Gelatine substitutes
Other culinary gelling agents can be used instead of animal-derived gelatine. These plant-derived substances are more similar to pectin and other gelling plant carbohydrates than to gelatine proteins; their physical properties are slightly different, creating different constraints for the preparation and storage conditions. These other gelling agents may also be preferred for certain traditional cuisines or dietary restrictions.

Agar, a product made from red algae, is the traditional gelling agent in many Asian desserts. Agar is a popular gelatine substitute in quick jelly powder mix and prepared dessert gels that can be stored at room temperature. Compared to gelatine, agar preparations require a higher dissolving temperature, but the resulting gels congeal more quickly and remain solid at higher temperatures, 104 °F (40 °C), as opposed to 59 °F (15 °C) for gelatine. Vegans and vegetarians can use agar to replace animal-derived gelatine.

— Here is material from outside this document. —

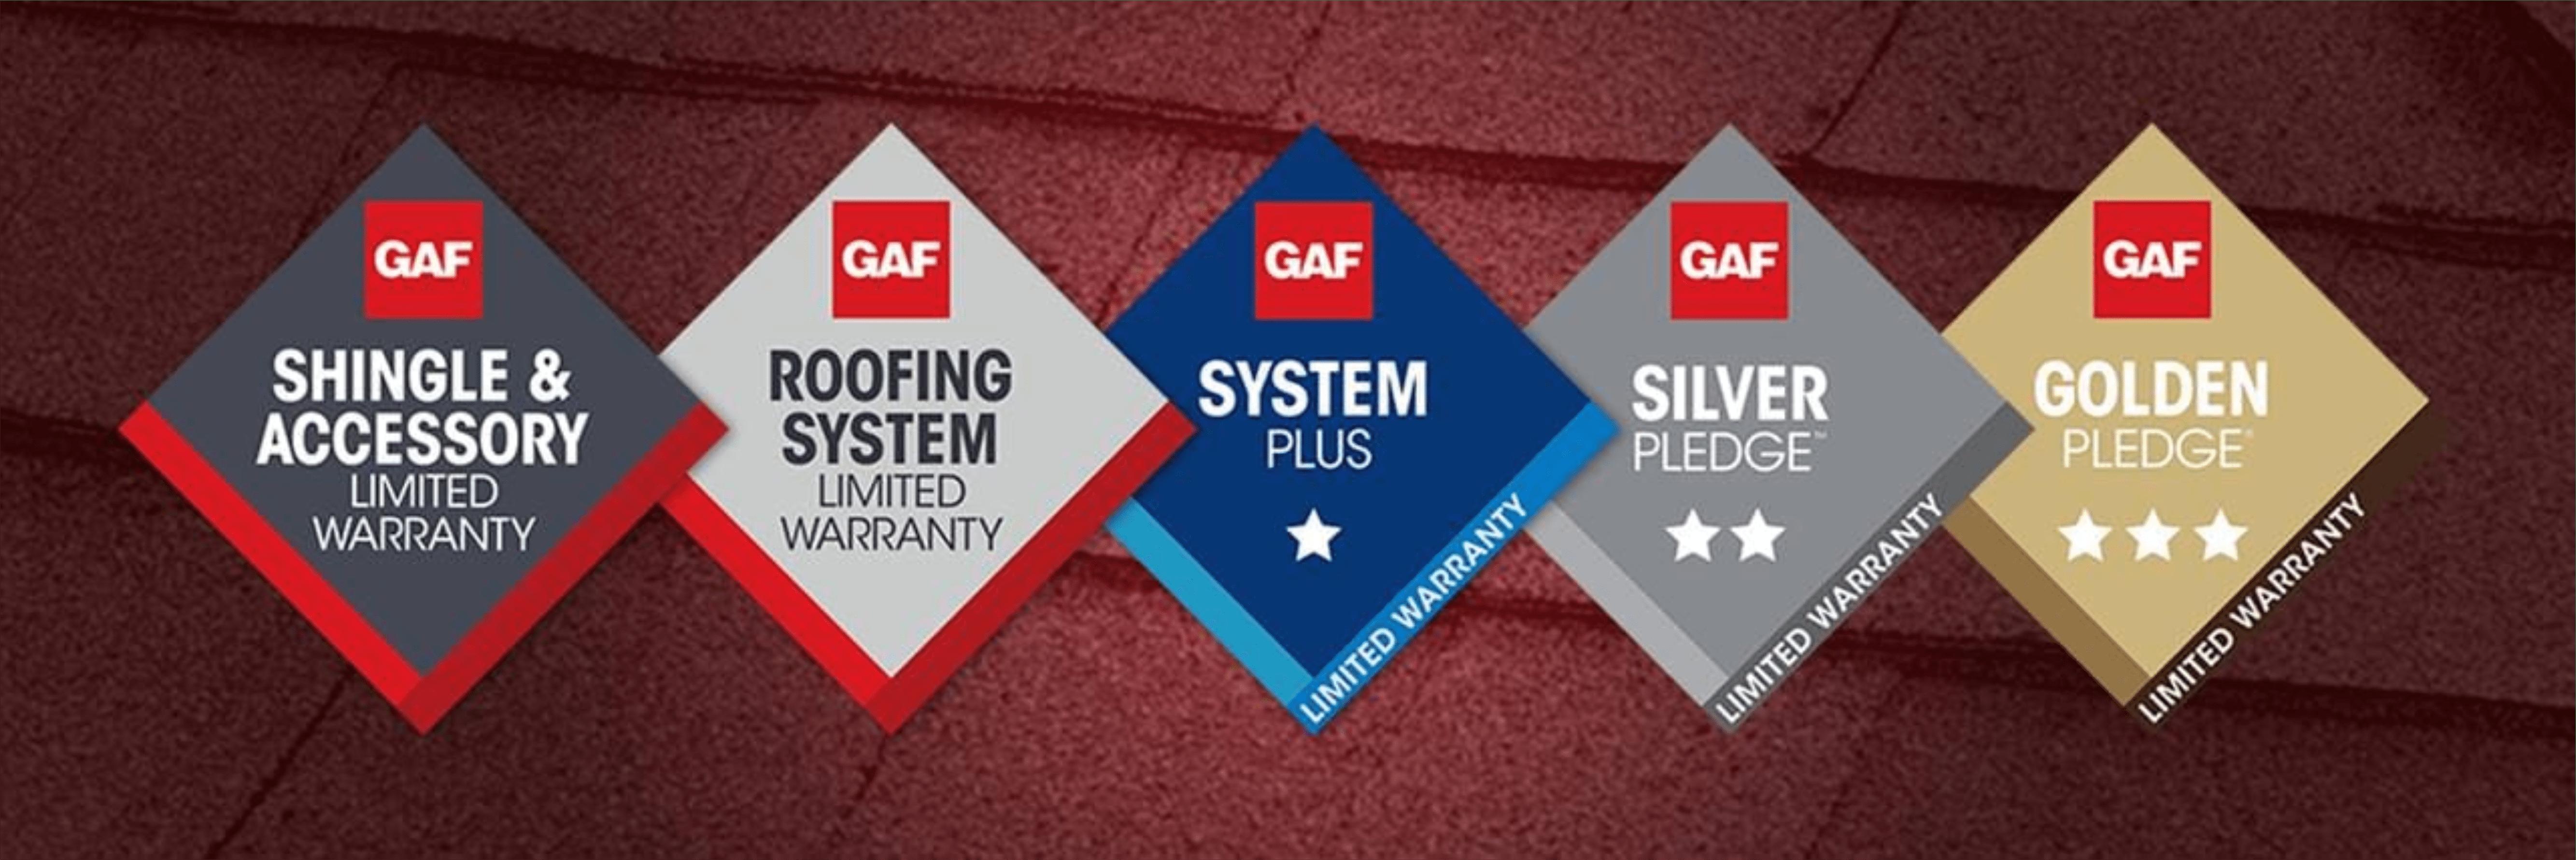 GAF Warranty Options
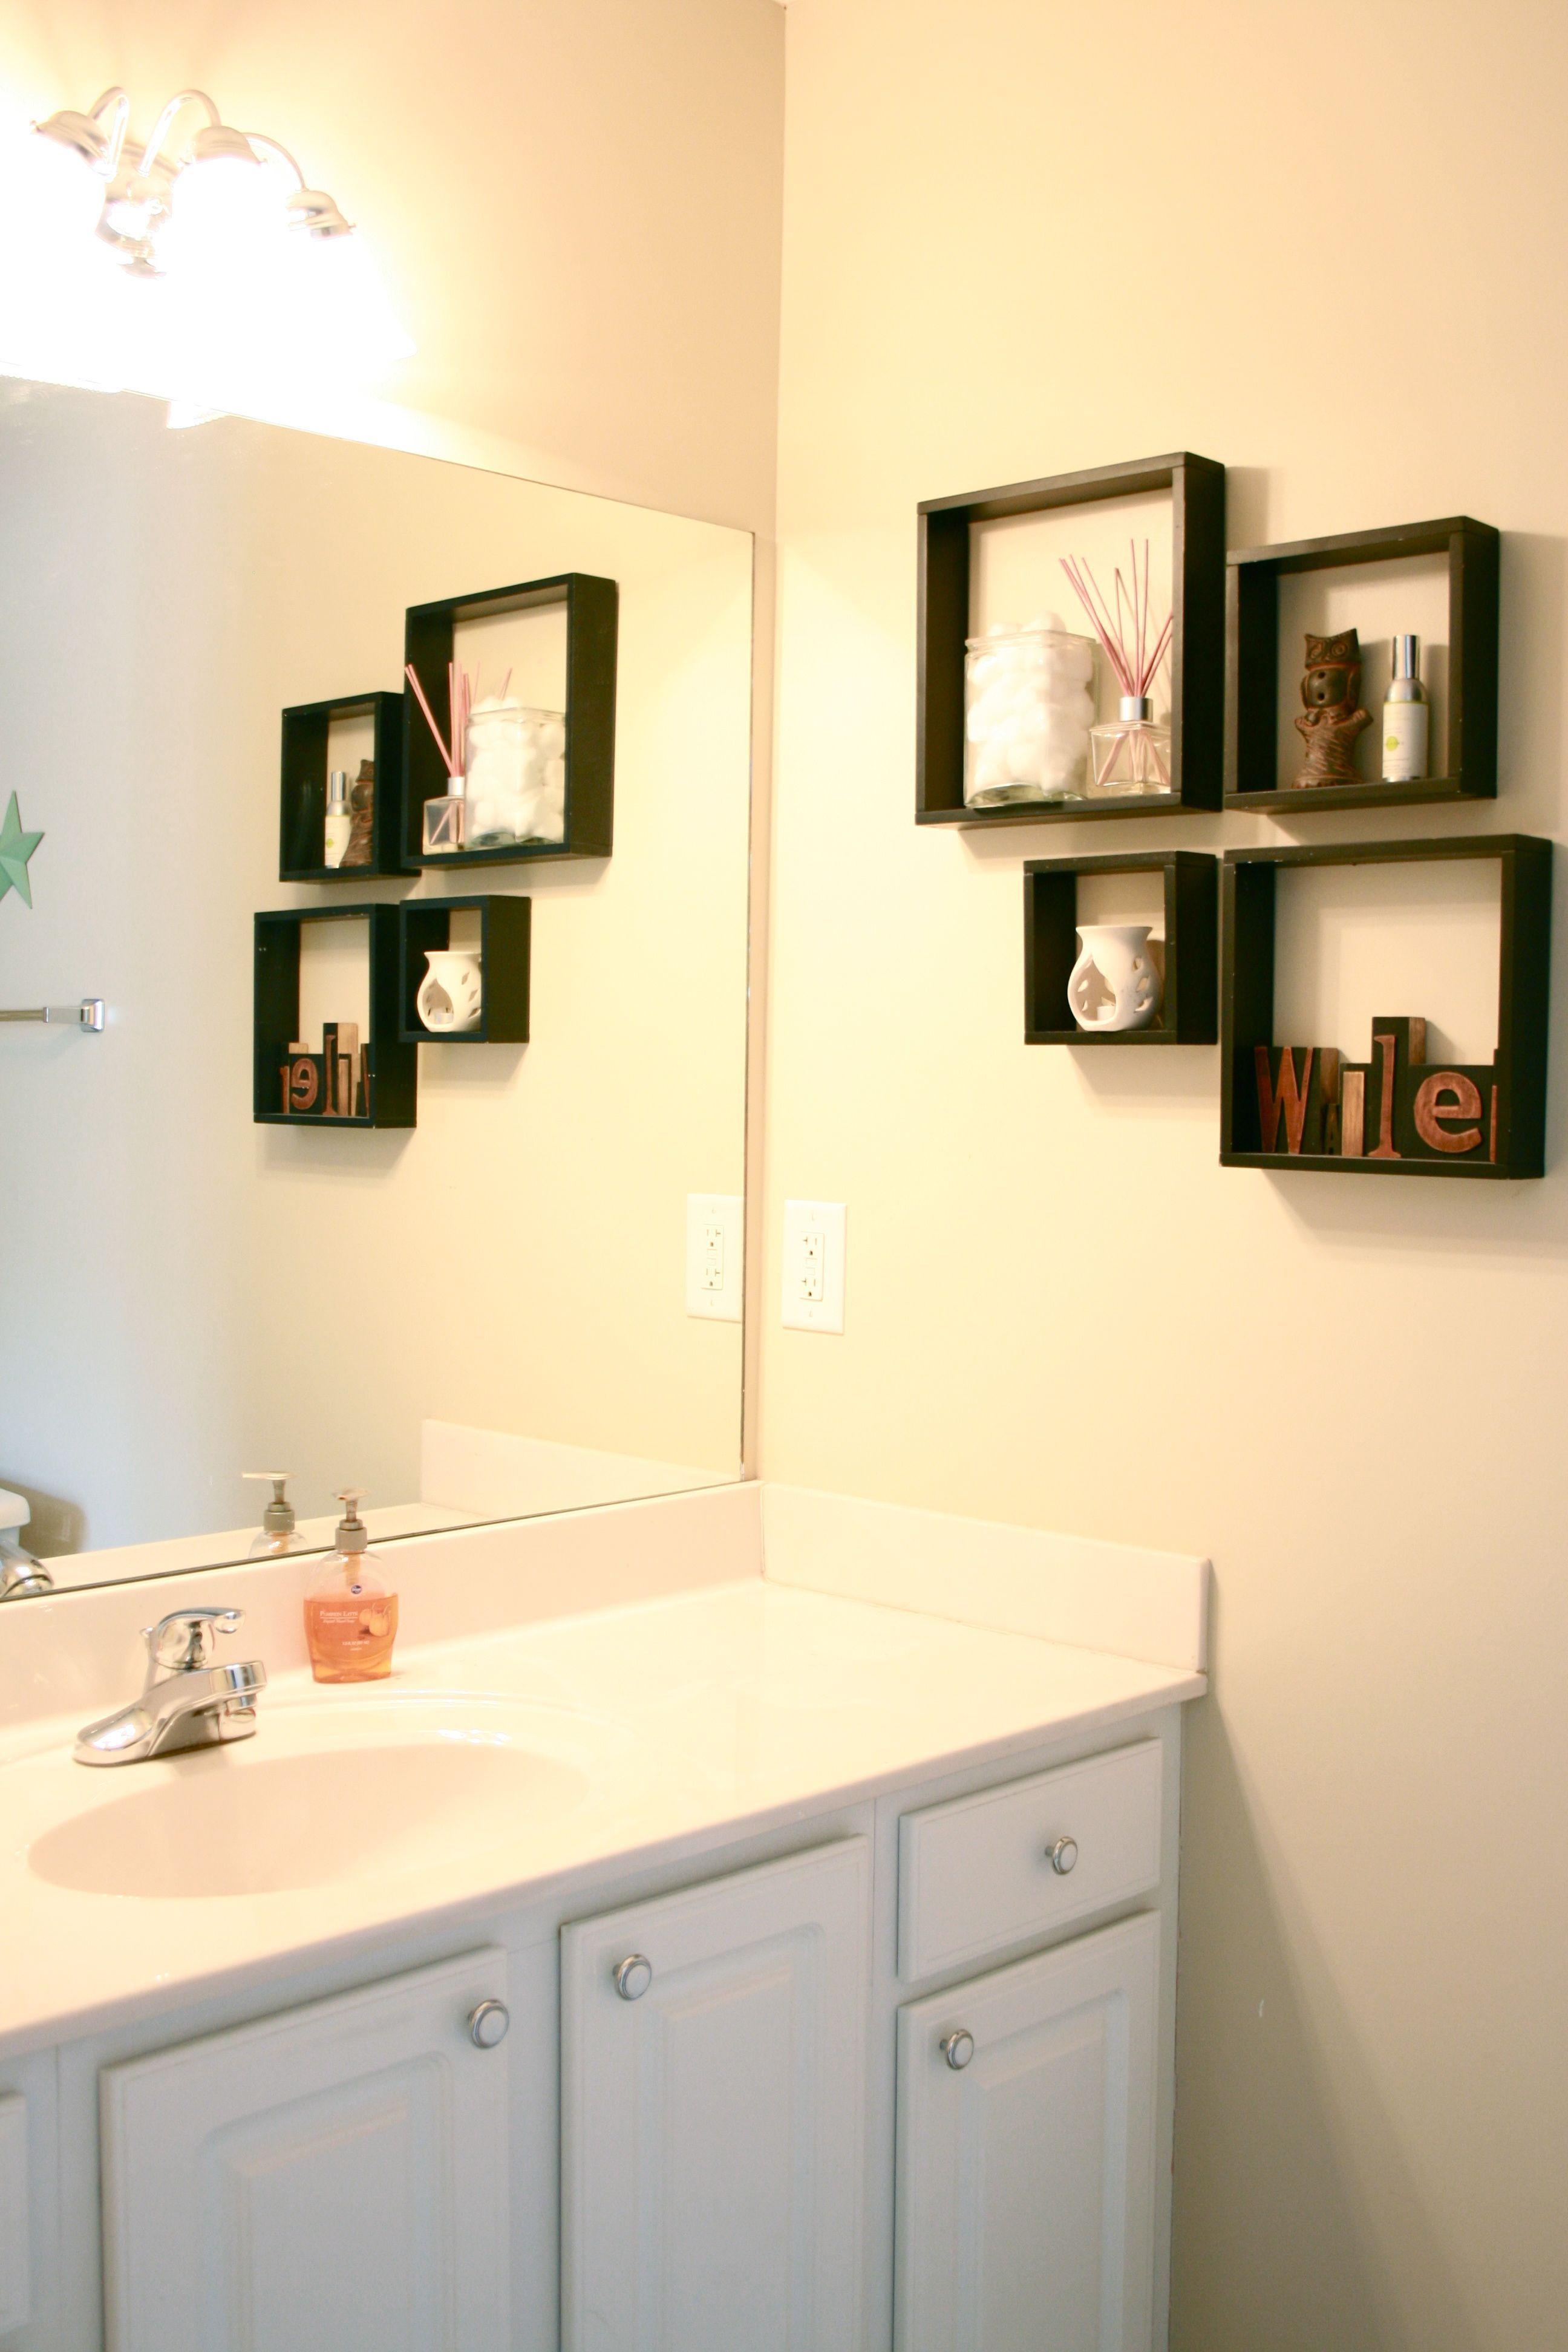 cube shelf restroom decoration ideas google search on bathroom wall decor id=24421

Carrageenan is also derived from seaweed, and lacks agar's occasionally unpleasant smell during cooking. It sets more firmly than agar and is often used in kosher and halaal cooking.

Konjac is a gelling agent used in many Asian foods, including the popular konnyaku fruit jelly candies.

CHEMISTRY

Gelatine consists of partially hydrolyzed collagen, a protein which is highly abundant in animal tissues such as bone and skin. Although many gelatine desserts incorporate fruit, some fresh fruits contain proteolytic enzymes; these enzymes cut the gelatine molecule into peptides (protein fragments) too small to form a firm gel. The use of such fresh fruits in a gelatine recipe results in a dessert that never 'sets'.

Specifically, pineapple contains the protease (protein cutting enzyme) bromelain, kiwi fruit contains actinidin, figs contain ficain, and papaya contains papain. Cooking or canning denatures and deactivates the proteases, so canned pineapple, for example, works fine in a gelatine dessert.

SAFETY

Although eating tainted beef can lead to New Variant Creutzfeldt Jakob Disease (the human variant of mad-cow disease, bovine spongiform encephalopathy), there is no known case of BSE having been transmitted through collagen products such as gelatine.